*Work item*:
Lines before the one containing "Platinum engagement ring" are not wanted; restate the rest below word for word, through the last line, but drop any pictures.

*Dataset extract*:
━━━━━━━━━━━━━━━━━━━━━━━━━━━━━━

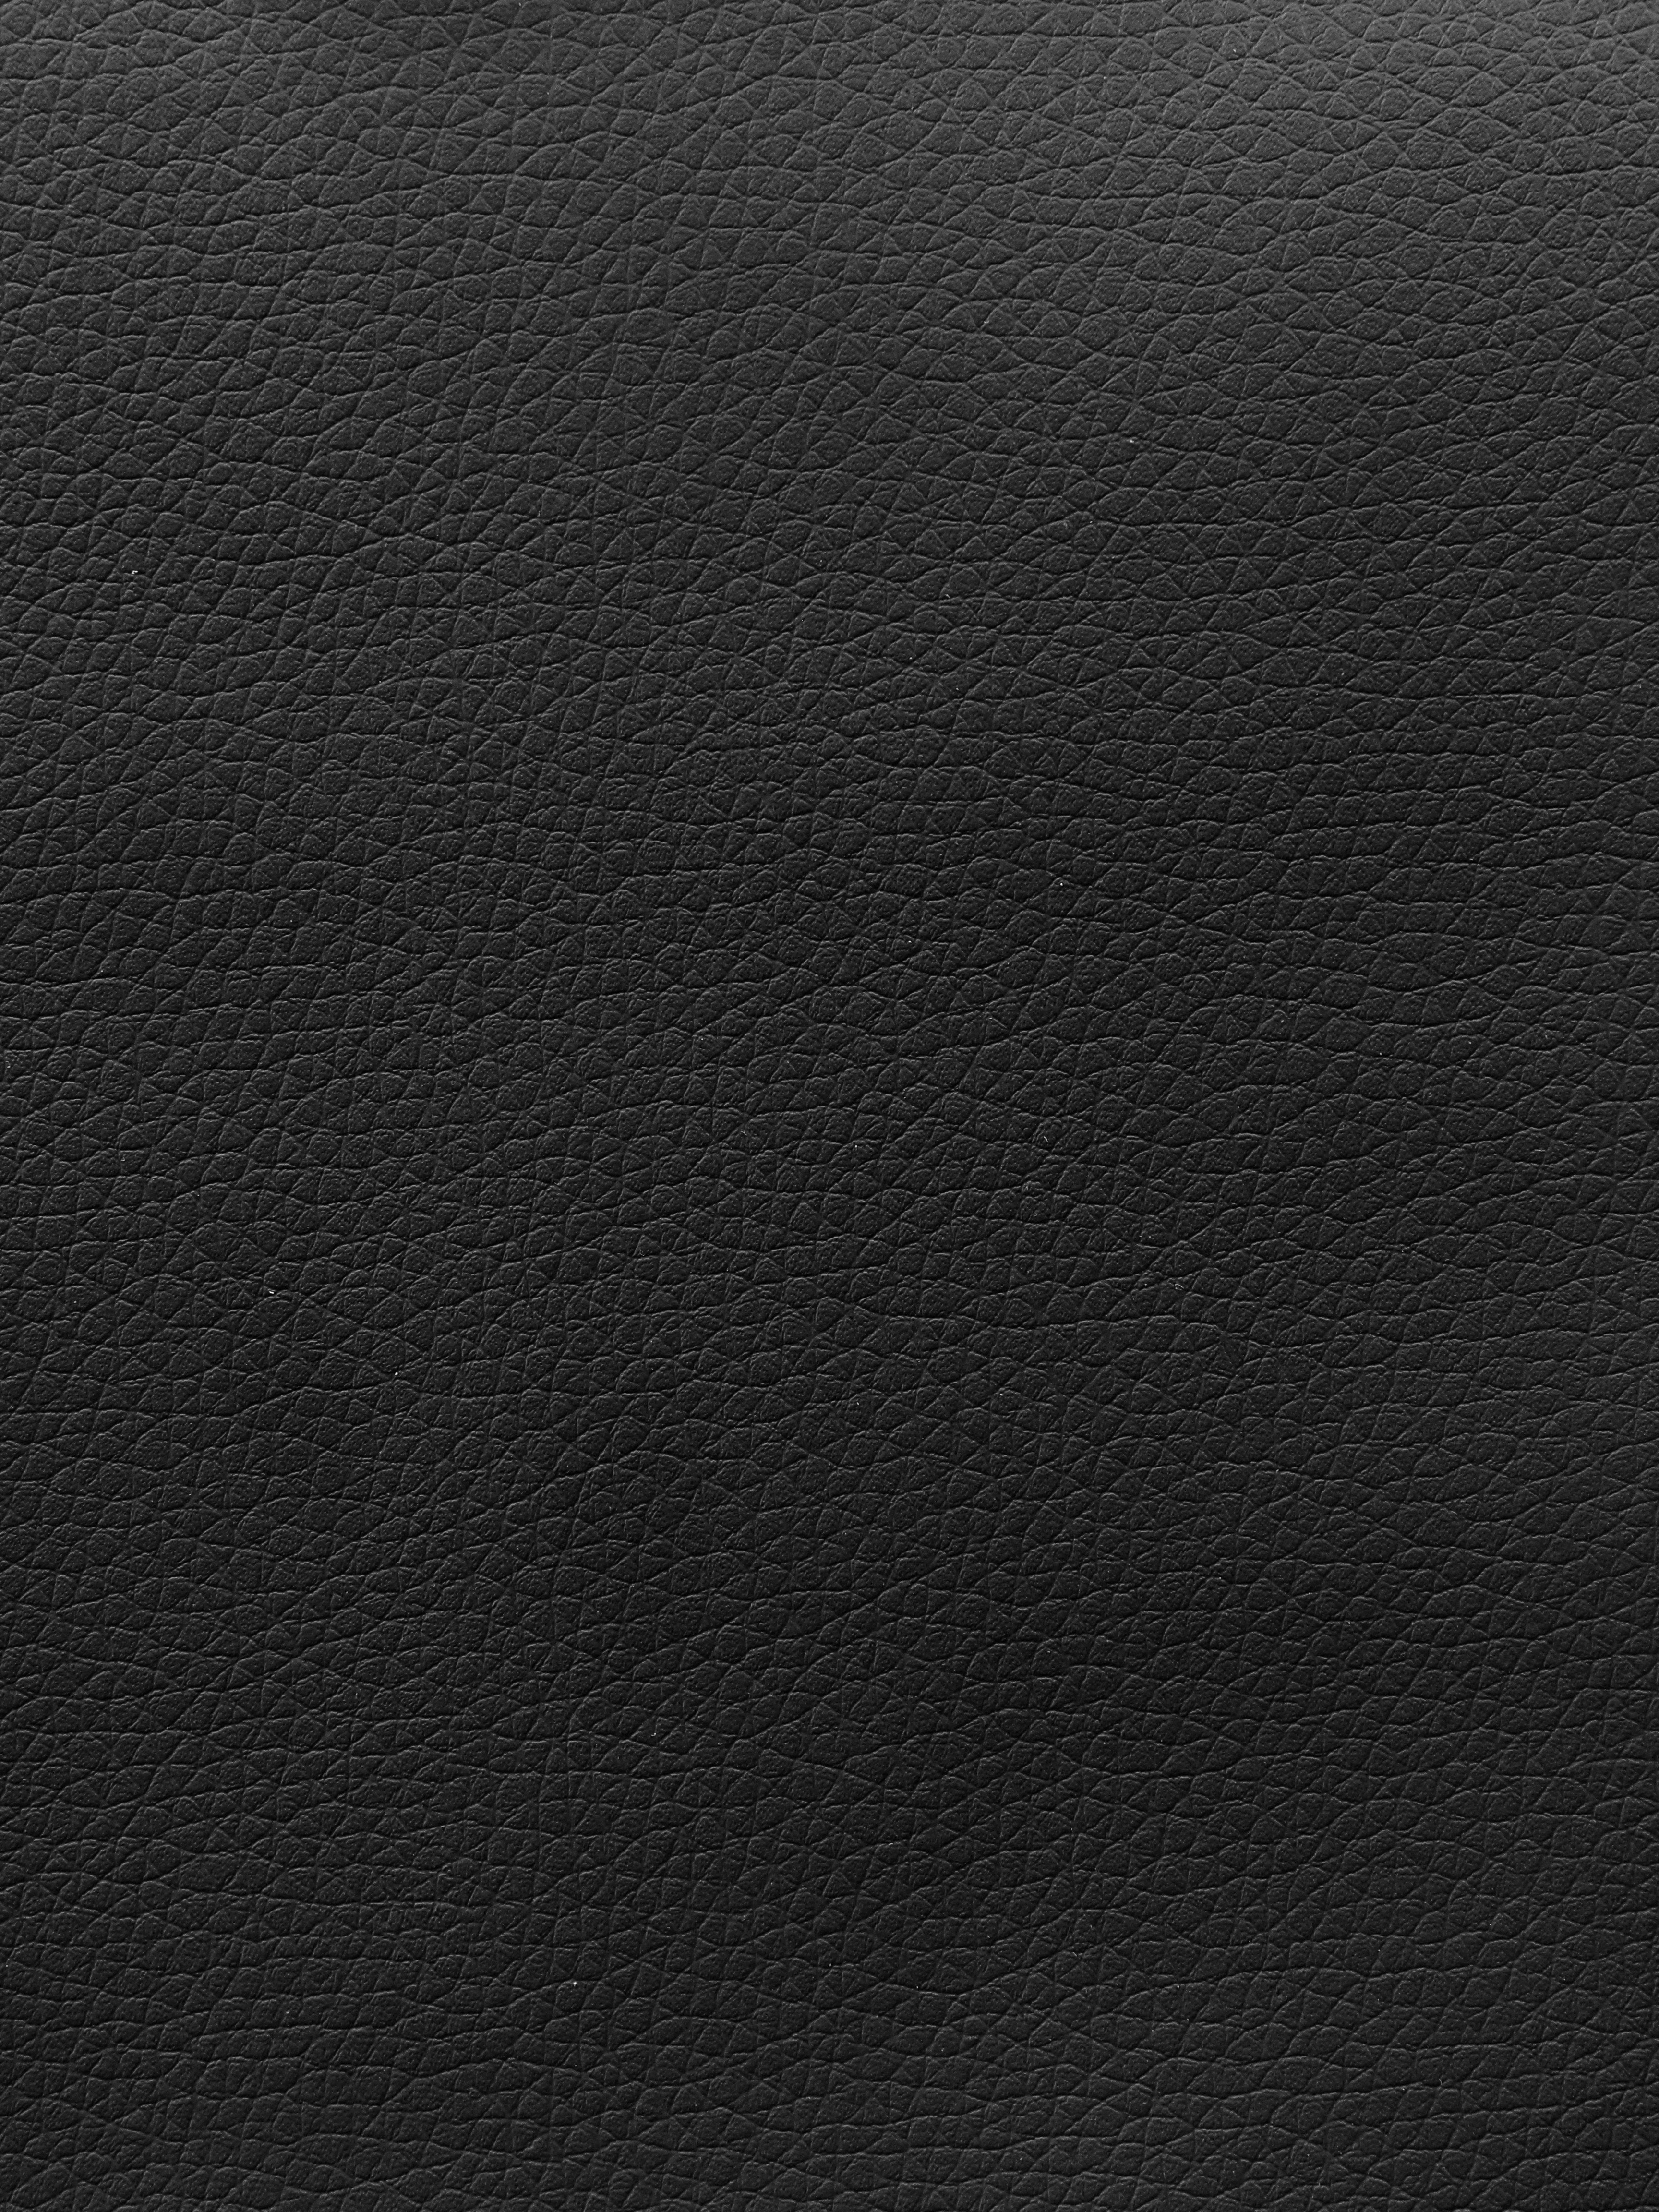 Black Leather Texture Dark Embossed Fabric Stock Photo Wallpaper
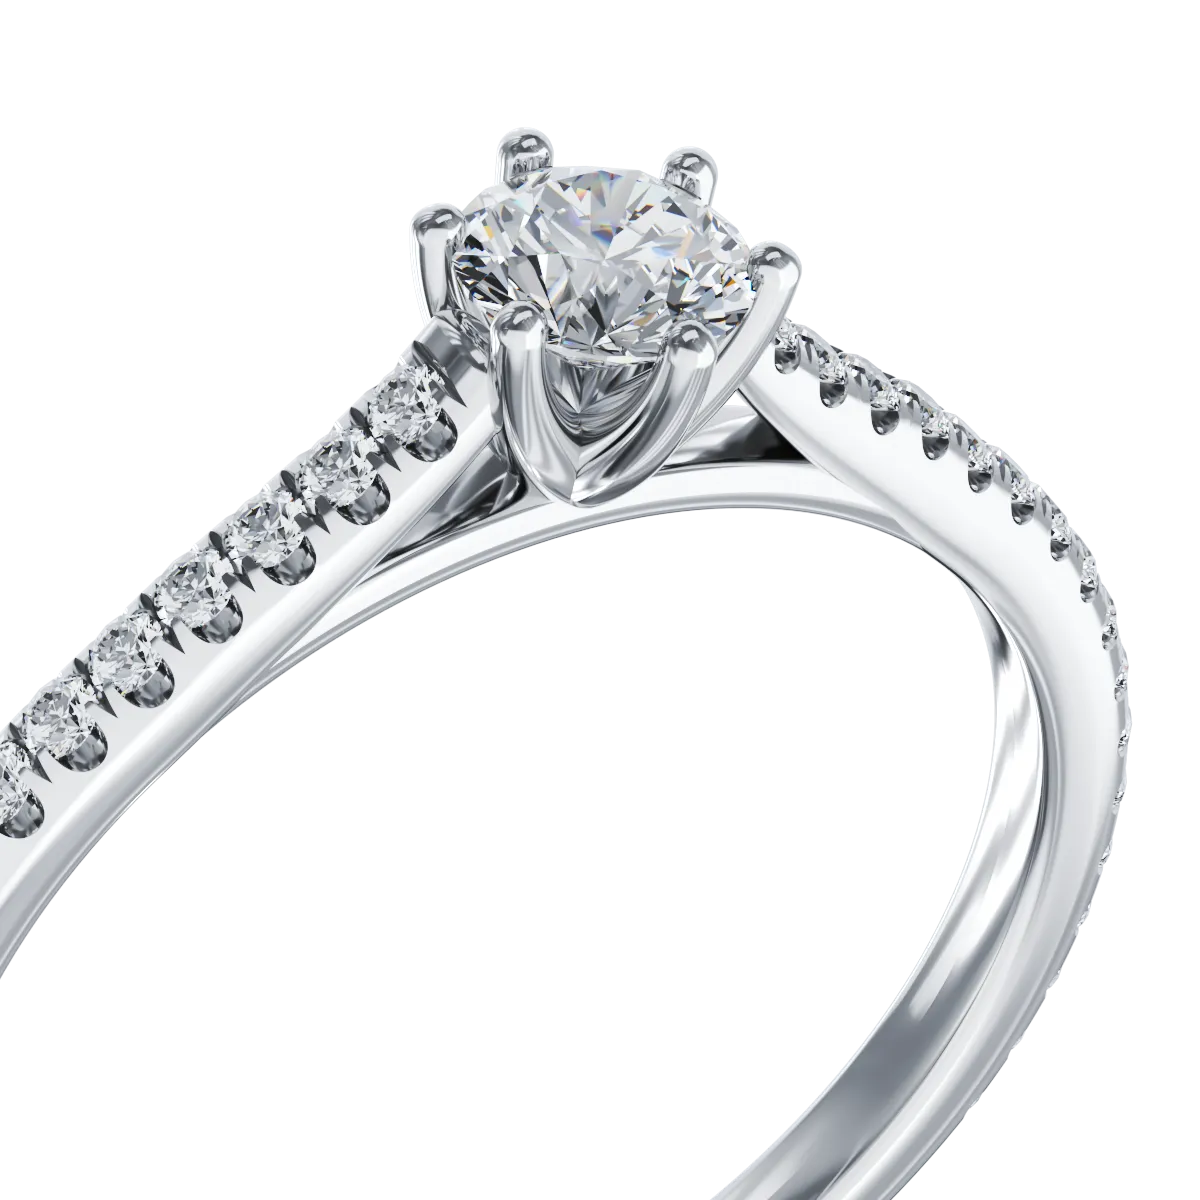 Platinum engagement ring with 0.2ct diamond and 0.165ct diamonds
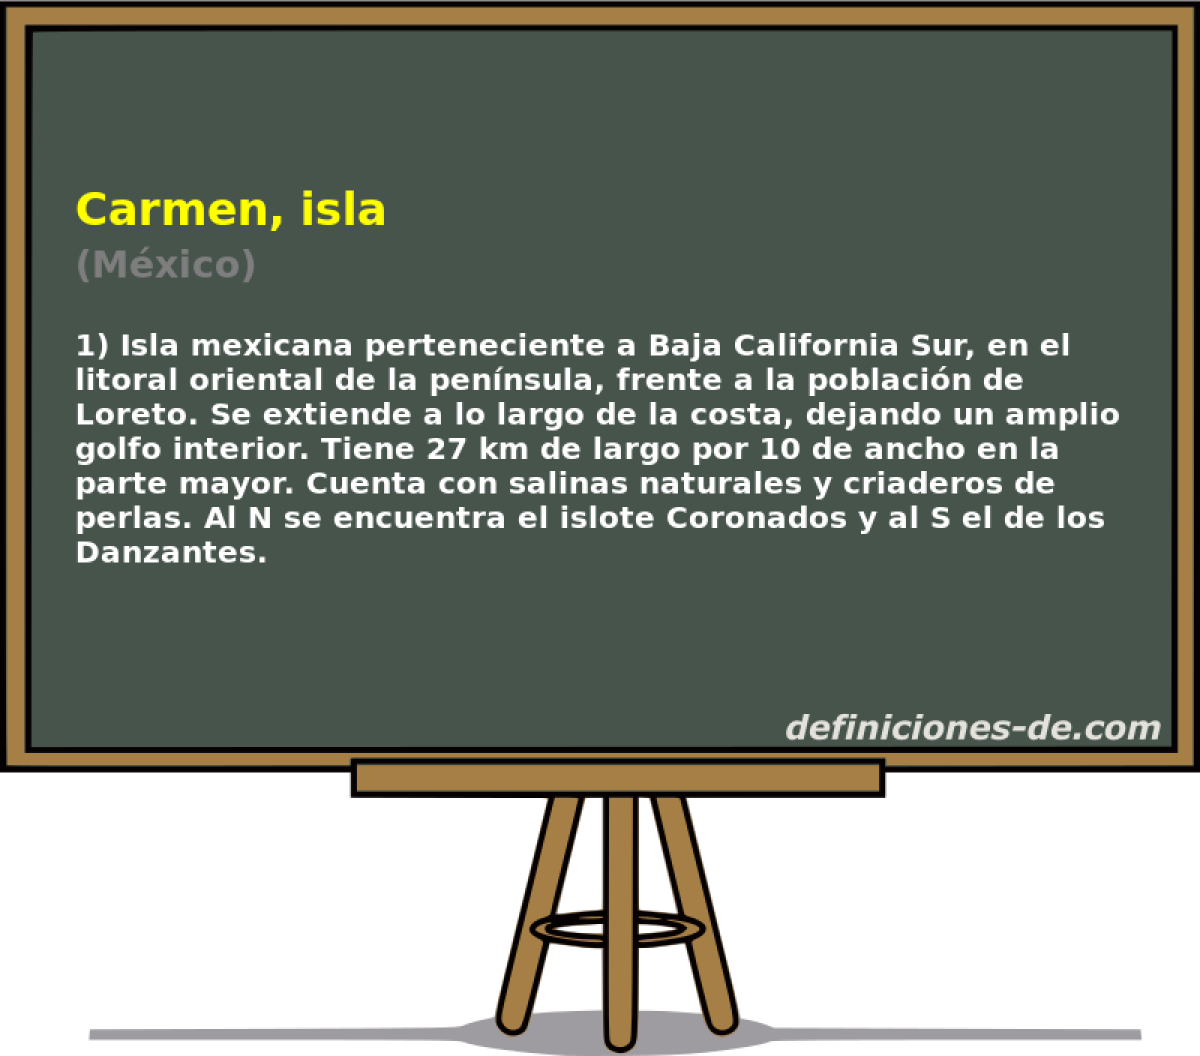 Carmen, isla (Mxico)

━━━━━━━━━━━━━━━━━━━━━━━━━━━━━━

*Output below*:
 Platinum engagement ring with 0.2ct diamond and 0.165ct diamonds
 Carmen, isla (Mxico)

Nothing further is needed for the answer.